Factories are producing goods at a rate faster than orders are being added to their books for the first time in 2018, which may mean they'll slow production in coming months, Chris Williamson, IHS Markit's chief business economist, noted at the release of the U.S. Purchasing Managers Index on June 22. The U.S. service industry is also at its weakest since January, IHS Markit noted.

"Business expectations about the year ahead have dropped to a five-month low, led by the weakest degree of optimism for nearly one and a half years in manufacturing," Williamson wrote.

Pressure to raise prices is high and is "widely blamed on a mix of rising fuel prices and tariff-related price hikes" as well as the ability of suppliers to charge more as demand for goods rises.

Even with full employment, businesses are nervous, IHS's Williamson noted. Although more people are getting jobs as unemployment stays low, "even here there are signs of weakness," he said. 

Some companies are already taking action

Harley-Davidson sad it's shifting some jobs overseas to make motorcycles in Europe, raising Mr. Trump's ire, because Europe's tariffs make it more costly to make motorcycles for export from the U.S.

Smaller companies, like this metal nail producer, say they're already in "crisis mode" because steel and aluminum tariffs are raising supplier costs.

Stock and debt markets are starting to react

"The increase in trade tensions over the last month has become the key focus for markets," Deutsche Bank economist Torsten Sløk wrote in a note on Tuesday.

"While the direct macroeconomic impact of the existing measures will likely be small for now, further escalation may hurt growth by impacting confidence or tightening financial conditions." Escalating trade disputes, which lead to more tariffs or even other measures tied to trade, are "a real possibility," Sløk  wrote.

Even President Trump's former National Economic Adviser Gary Cohn is concerned about market reaction, Politico reported citing an interview.

"The economy is doing exactly what we thought and hoped it would do based on what the administration was able to accomplish in tax reform and the deregulatory agenda," Cohn told Politico. "Both were aimed at stimulating the economy through growth and job creation. And that's happened in a very positive way.
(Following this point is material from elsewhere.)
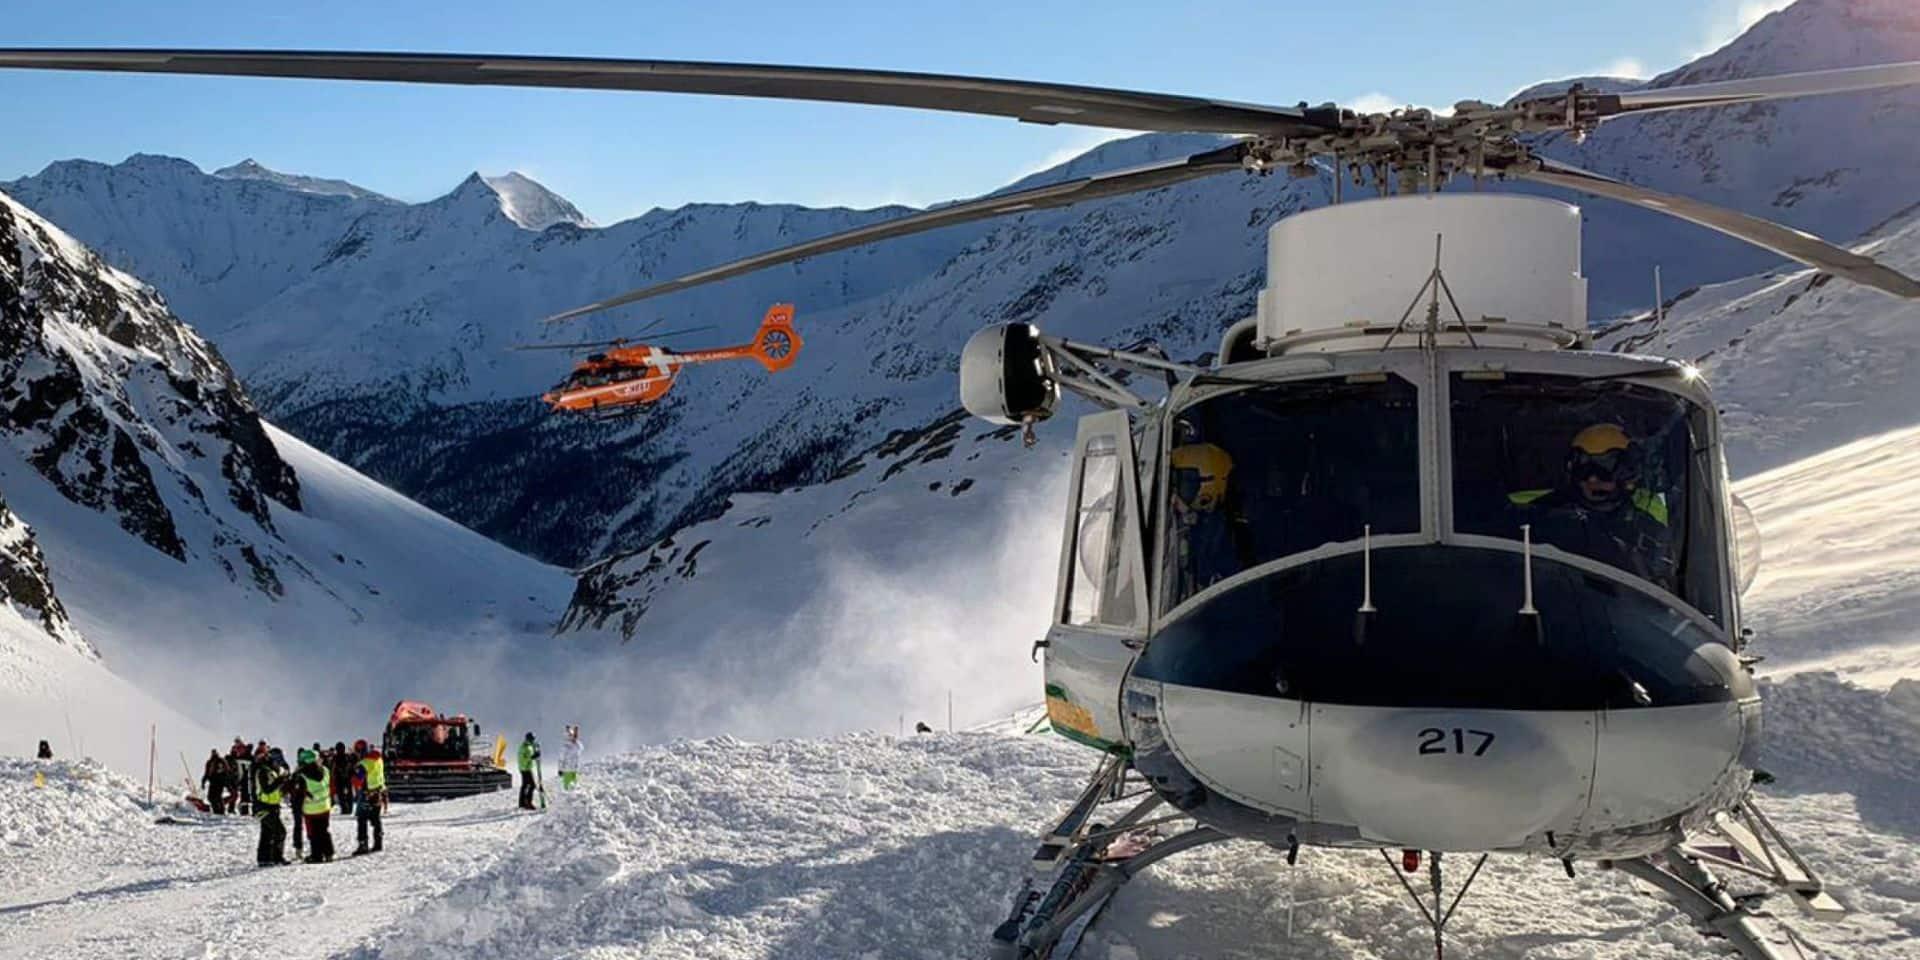 Italie: trois morts dont deux enfants dans une avalanche

Anything else that derails or confuses the economic agenda is confusing for the system."

Consumer confidence slipped in June

Consumer confidence declined slightly in June after improving in May. "While expectations remain high by historical standards, the modest curtailment in optimism suggests that consumers do not foresee the economy gaining much momentum in the months ahead," said Lynn Franco, economic indicators director at The Conference Board, which analyzes what consumers buy and watch.
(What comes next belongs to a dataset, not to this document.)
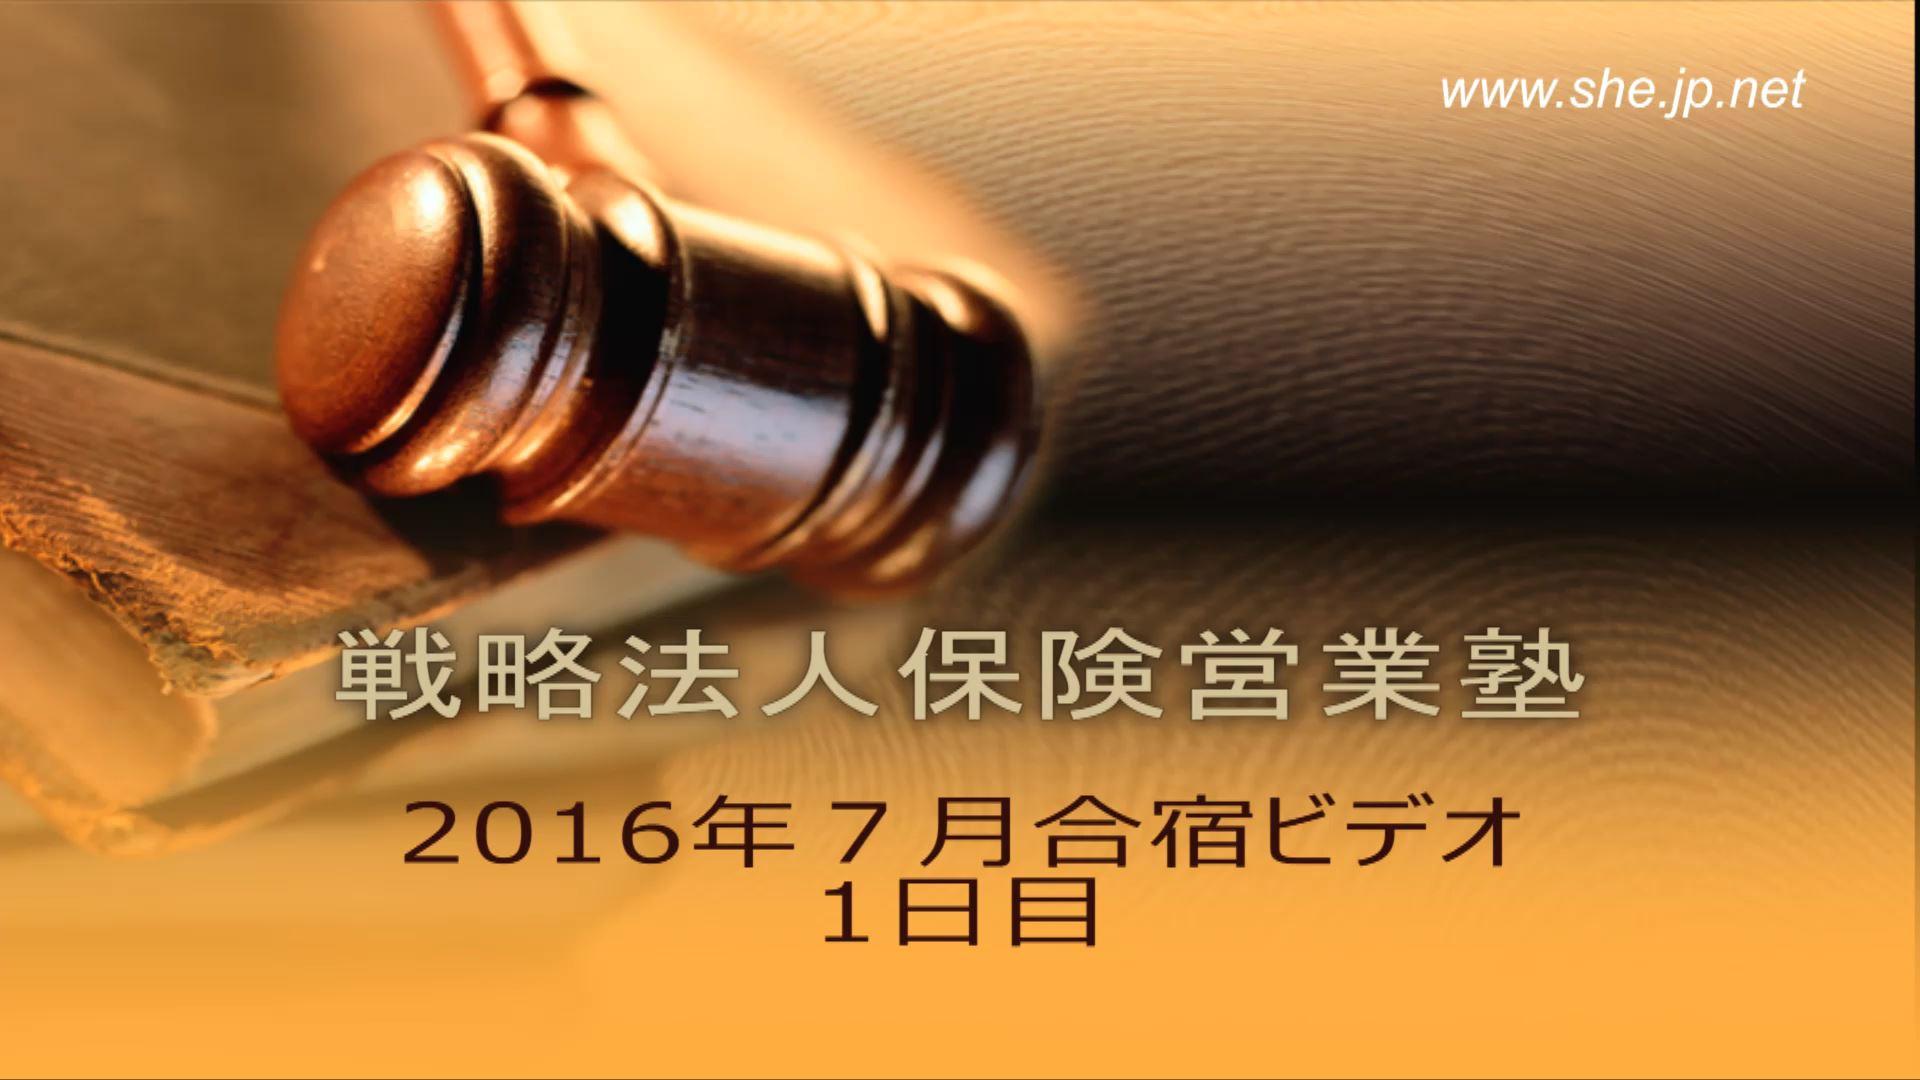 【受講者専用】 2016年7月合宿1日目LiveSHE勉強会ビデオ(メンバー限定)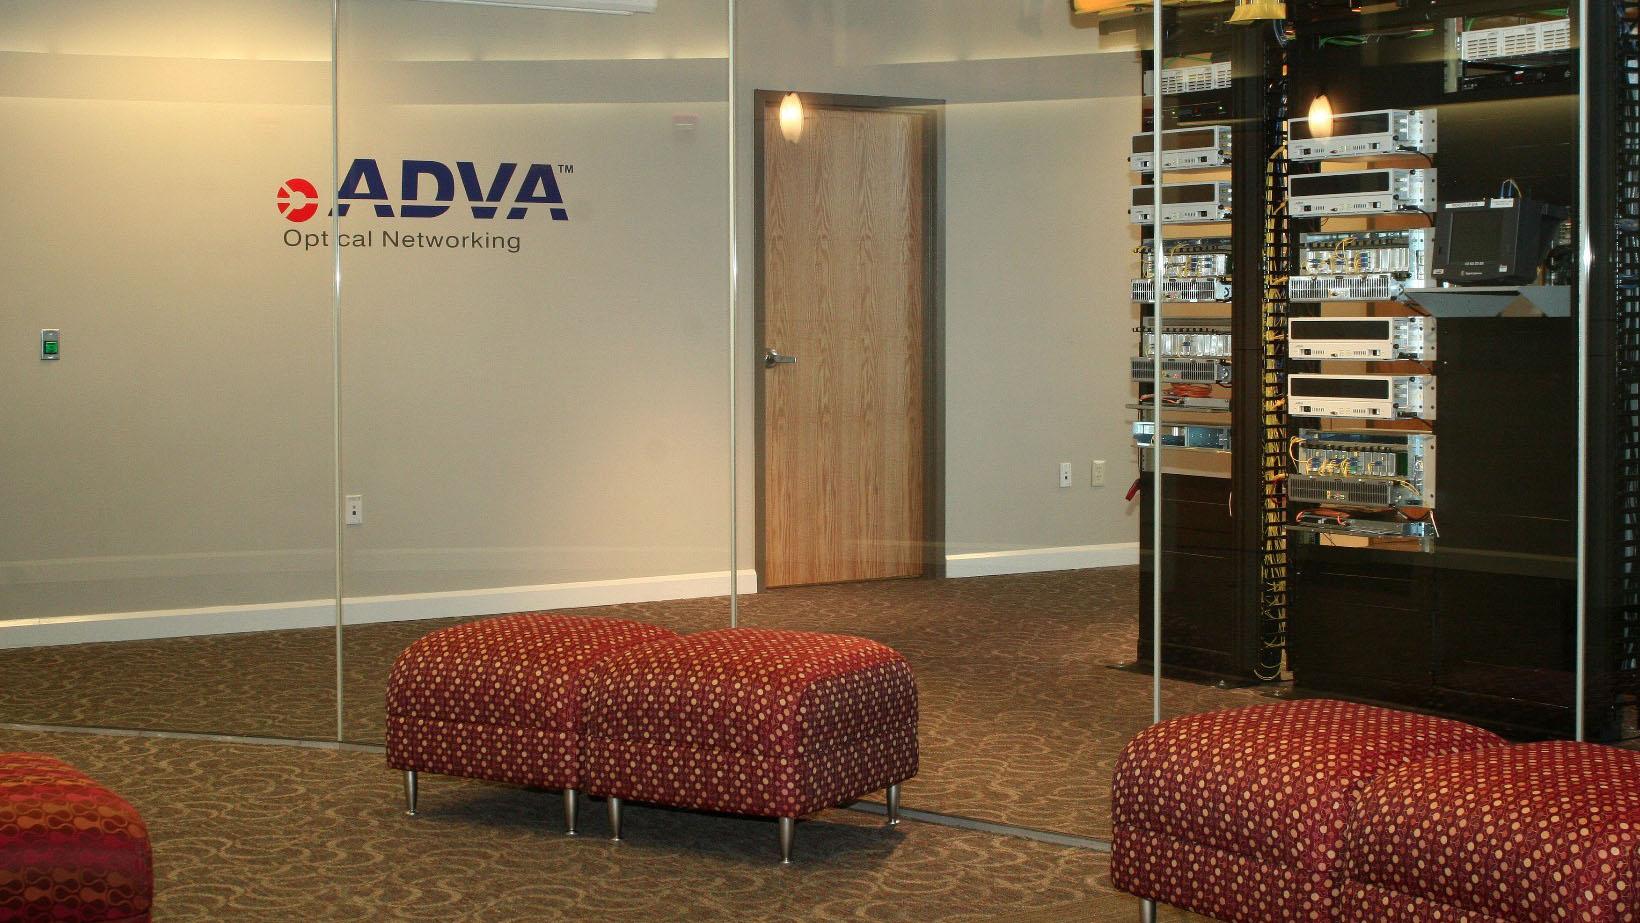 ADVA office lobby

The drop may stem from the heated rhetoric on trade, according to Reuters.

Consumer prices could start climbing

Higher prices may be in store for shoppers as farmers and manufacturers pass on cost increases for products from TVs to bourbon.
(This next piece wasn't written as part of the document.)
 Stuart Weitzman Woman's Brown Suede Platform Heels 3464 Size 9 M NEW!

"We still think that protectionism alone is unlikely to kill the economic expansion. But it could worsen the slowdown we anticipate next year, and add to the domestic inflationary pressures that are already building," Michael Pearce, senior economist at Capital Economics, wrote in a recent note.

A worst-case scenario where all proposed tariffs are implemented might lead to a near 1 percent rise in consumer prices, he wrote.

The Federal Reserve is raising interest rates

As the economy chugs along and unemployment holds near record lows, U.S. banks are charging more for loans. That's because the Fed is steadily lifting its benchmark interest rates after a decade-long recovery from the Great Recession -- and it's expected to keep increasing them up to four times altogether this year.

That means higher rates for everything from mortgages to student loans.

More restrictive trade moves may be on the way

Stock markets rebounded a bit on Tuesday after Treasury Secretary Steven Mnuchin rebutted reports that the administration is set to release restrictions on Chinese investments in U.S. technology companies, saying the measure will apply more broadly.

The report follows President Trump's threat to hike tariffs on Chinese imports worth up to $450 billion over complaints Beijing steals technology or pressures foreign businesses to hand it over to Chinese companies.